§ Task
Look for the line that has "ラグジュアリッチコーヒー 業務スーパーのおすすめコーヒーとは ナチュラルスタイルな暮らし" in the material below; please repeat it and every line after it, exactly, up to and including the line that has "Foodies: Food ordering", and nothing else.

§ Exercise data
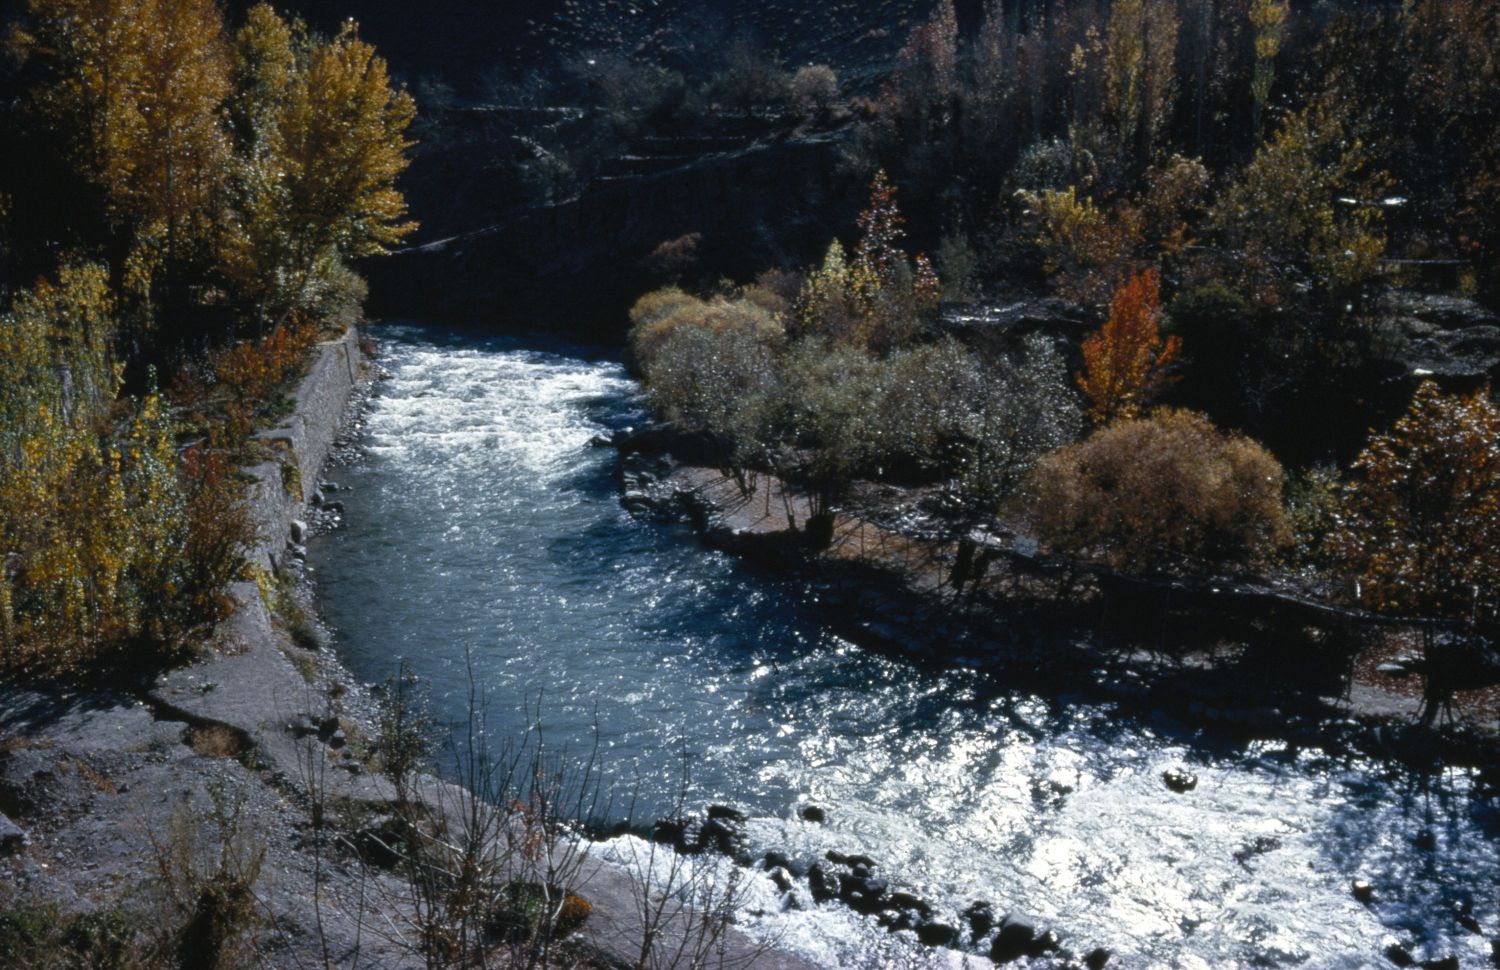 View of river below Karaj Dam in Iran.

==

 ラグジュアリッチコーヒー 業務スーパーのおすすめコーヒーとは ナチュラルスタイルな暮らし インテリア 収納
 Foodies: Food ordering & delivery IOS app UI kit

§ Exercise result
 ラグジュアリッチコーヒー 業務スーパーのおすすめコーヒーとは ナチュラルスタイルな暮らし インテリア 収納
 Foodies: Food ordering & delivery IOS app UI kit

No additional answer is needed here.